There is much use of the harp, celeste, triangle, glockenspiel and cymbal (usually brushed with a drumstick).
Phrases tend to be fragmentary and speckled with colour. Rhythm tends to be vague and free, with cadences
being not so clearly defined. Also, phrases tend to overlap and are fluid in character.

Atonality and Serialism

Prominent Composers: Berg, Schoenberg, Stravinsky, Webern, Stockhausen, Berio, Penderecki, Carter, Ligetti.
Atonality, in music, is the absence of functional harmony as a primary structural element. The re-emergence of
purely melodic-rhythmic forces as major determinants of musical form in the Expressionist works of
Arnold Schoenberg and his school prior to World War I was a logical, perhaps inevitable consequence of the
weakening of tonal centres in 19th-century post-Romantic music. By the time of Richard Wagners Tristan und
Isolde, for example, the emphasis on expressive chromaticism had caused successive chords to relate more
strongly to each other than to a common tonic firmly established by intermittent harmonic cadences. Eventually,
the chromatic scale of 12 equidistant semitones superseded the diatonic scale, the inseparable partner of
functional harmony, to the extent that melodic-rhythmic tensions and resolutions took the place of the harmonic
cadences and modulations that had determined the structure of Western music for centuries.
Atonality, although well-suited for relatively brief musical utterances of great rhetorical or emotional intensity,
proved unable to sustain large-scale musical events. It was in an attempt to resolve this vexing dilemma that
Schoenberg devised the method of composing with 12 tones related only to each other, a method predicated on
purely polyphonic considerations of the sort that had been largely abandoned during the Classical and Romantic
eras but had, by the same token, been typical of pre-tonal and early tonal music.
In practice, the atonality of a composition is relative, for an atonal work may contain fragmentary passages in
which tonal centres seem to exist. Schoenbergs song cycle Pierrot Lunaire (1912) and Alban Bergs
opera Wozzeck (1925) are typical examples of atonal works.
Polytonality: The simultaneous occurrence of two or more different tonalities or keys (the interrelated
sets of notes and chords used in a composition). If only two keys are employed, the term bitonality is
sometimes used.
Chromatacism: The use of notes foreign to the mode or diatonic scale upon which a composition is based
12 Tone Method: The technique is a means of ensuring that all 12 notes of the chromatic scale are
sounded as often as one another in a piece of music while preventing the emphasis of any one
note through the use of tone rows, an ordering of the 12 pitches.


Development of the row
The 12 different pitches of Western music are arranged into a series, or TONE ROW, creating an order of intervals.
Serial music is NOT about the pitches; it is about the intervals that are formed between pitches and the order in
which they occur. The first tone row in a given Serial composition is automatically called the PRIME (P) form of
the row.

The prime row can then be transposed to 12 different pitch levels without changing the order of intervals.
The prime row can be turned upside down (the same intervals moving in the opposite direction) without
disrupting the order of intervals. This is the INVERSION (I) and can also be transposed to 12 different pitch levels.
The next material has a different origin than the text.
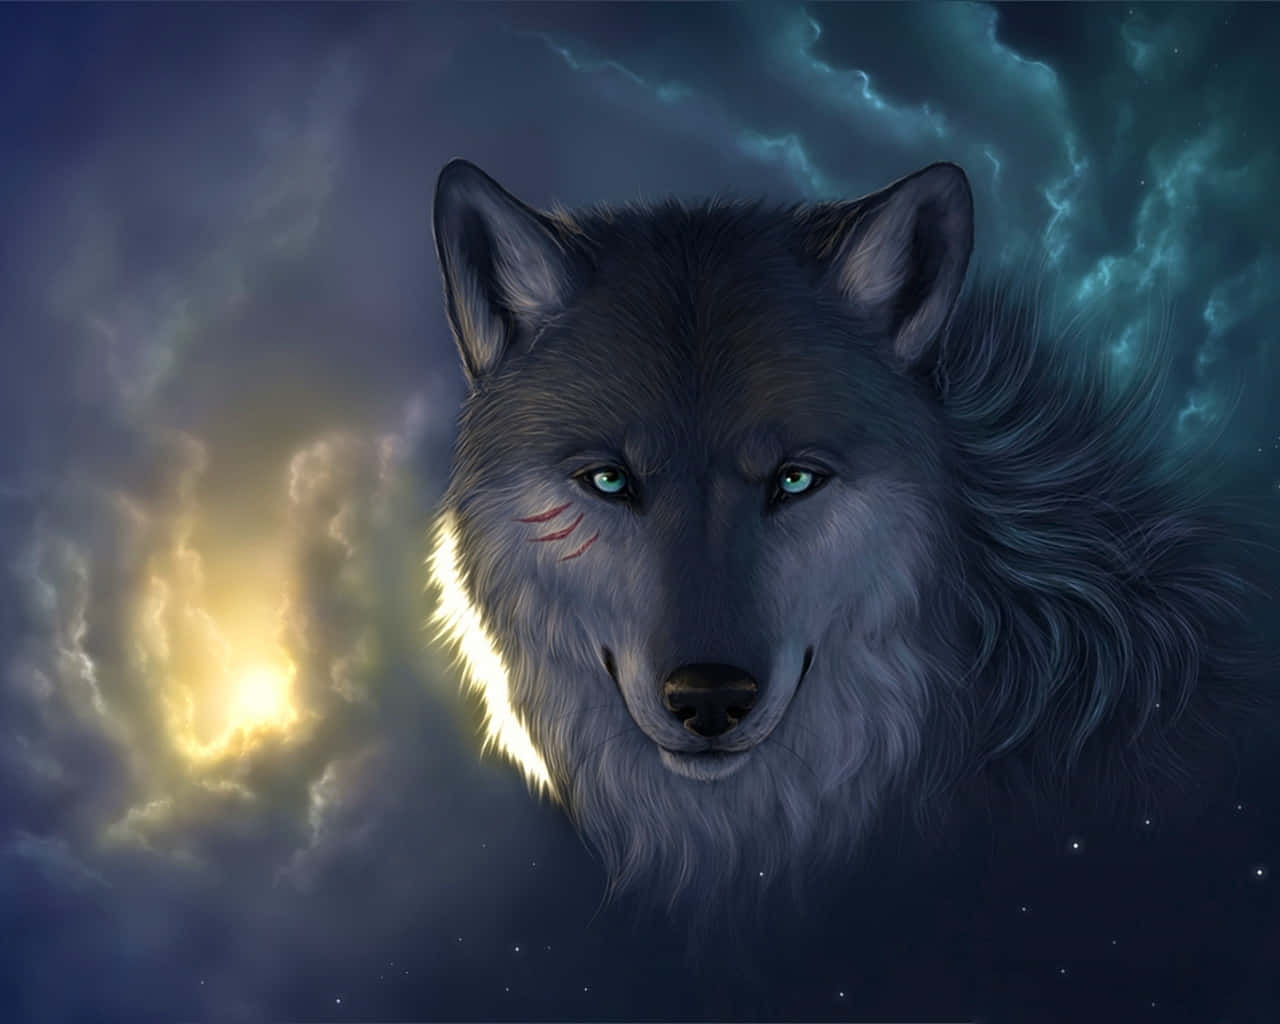 Captivating Nighttime Wolf Art Wallpaper
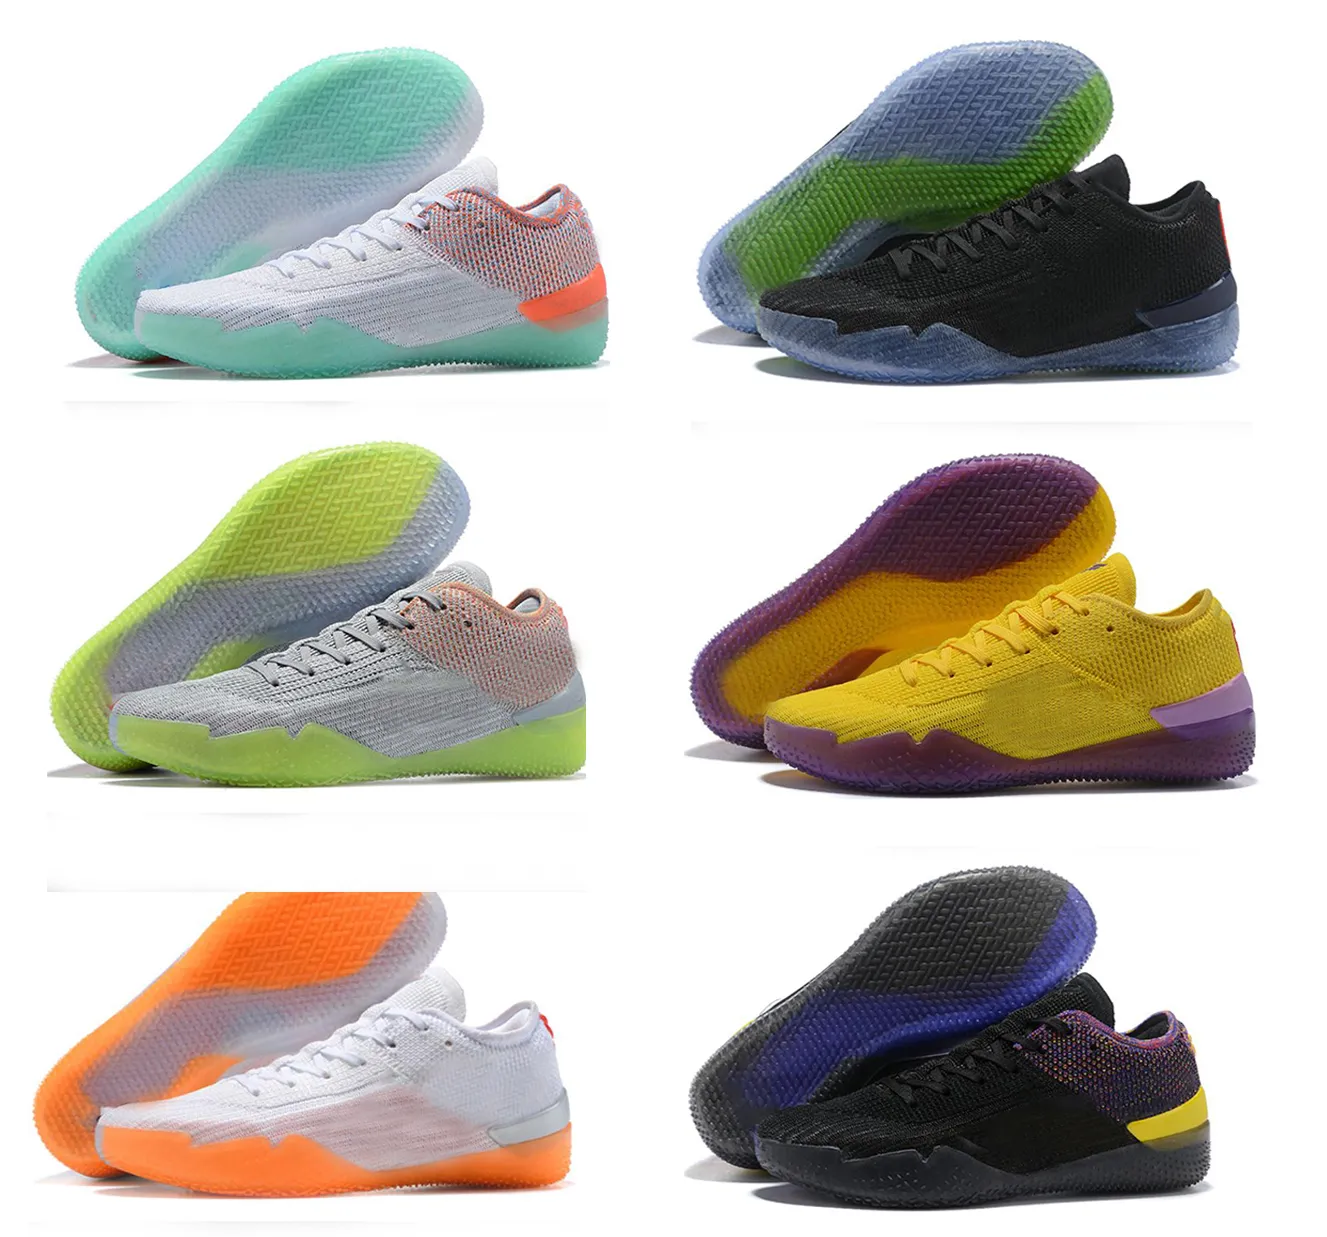 Ad Nxt 360 Sneakers Scarpe da basket Sport Uomo Sneakers in vendita AD Leggero Agility Mamba Mentality Scarpe da basket yakuda Allenamento locale dhgate Sconto

The prime row can be played backwards (the same intervals in the reverse order) without disrupting the order of
intervals. This is the RETROGRADE (R) and can also be transposed to 12 different pitch levels.
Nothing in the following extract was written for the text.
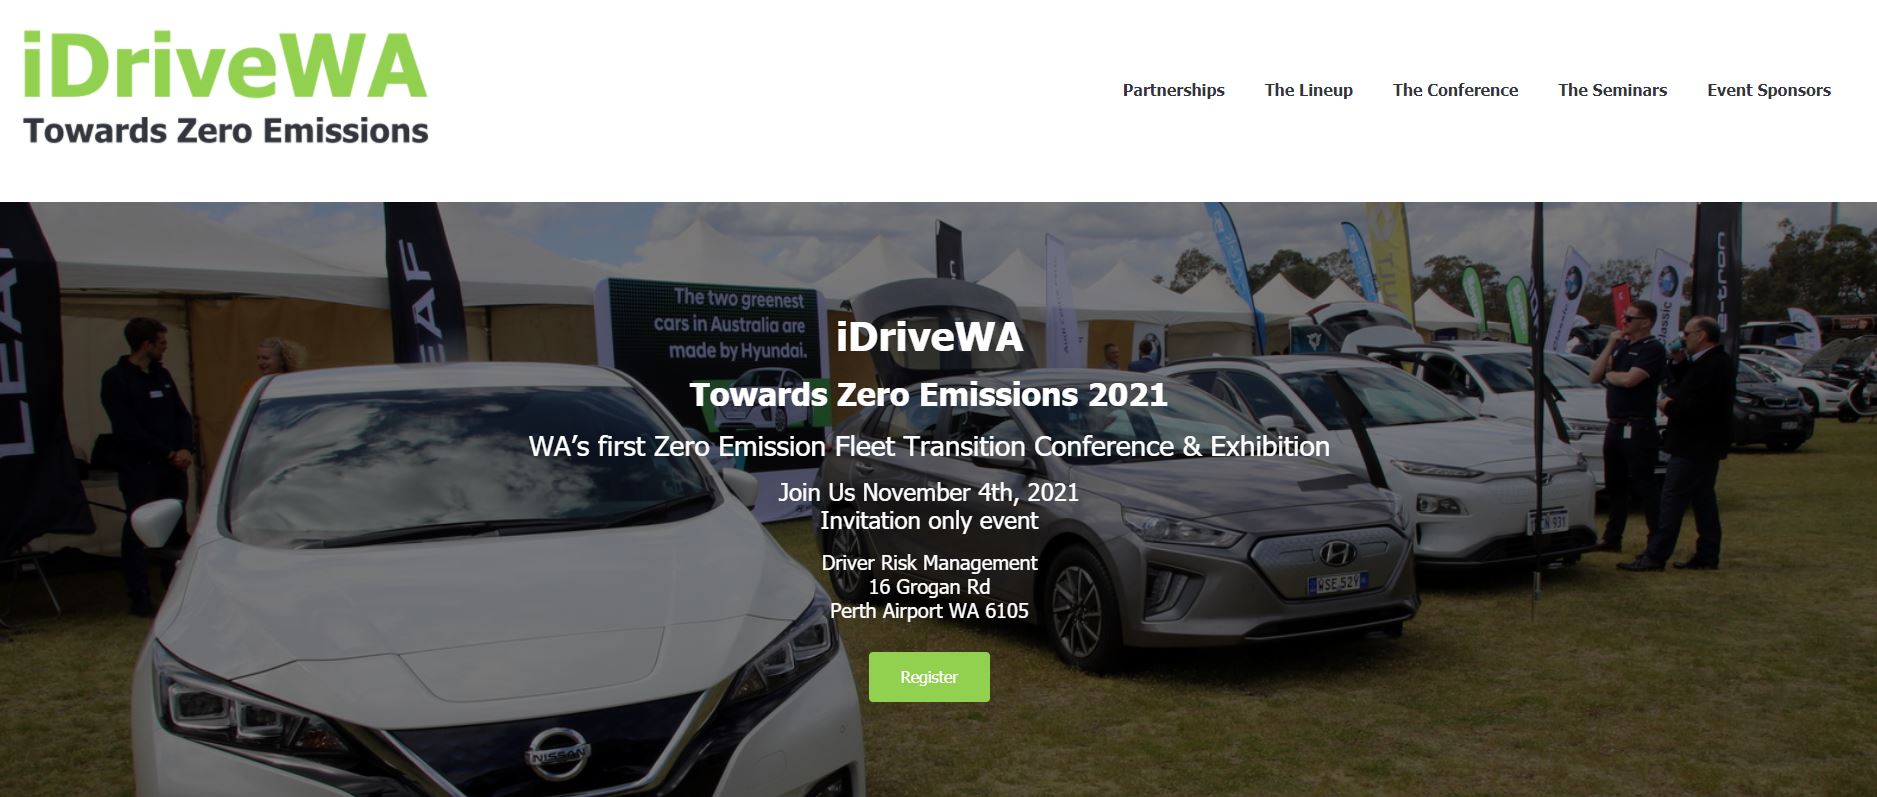 iDrive WA - WA’s first Zero Emission Fleet Transition Conference & Exhibition

The inverted form of the row can be played backwards (the same intervals in the opposite directions and
reversed) without disrupting the order of intervals, This is the RETROGRADE INVERSION (RI) and can also be
transposed to 12 different pitch levels.

The final count is 48 possible row presentations:
12 transposed primes
12 transposed inversions
12 transposed retrogrades
12 transposed retrograde inversions.
As Schnberg originally intended, the complete series of pitches must be heard before any pitch is allowed to
repeat (this does not include reiterations of the same note).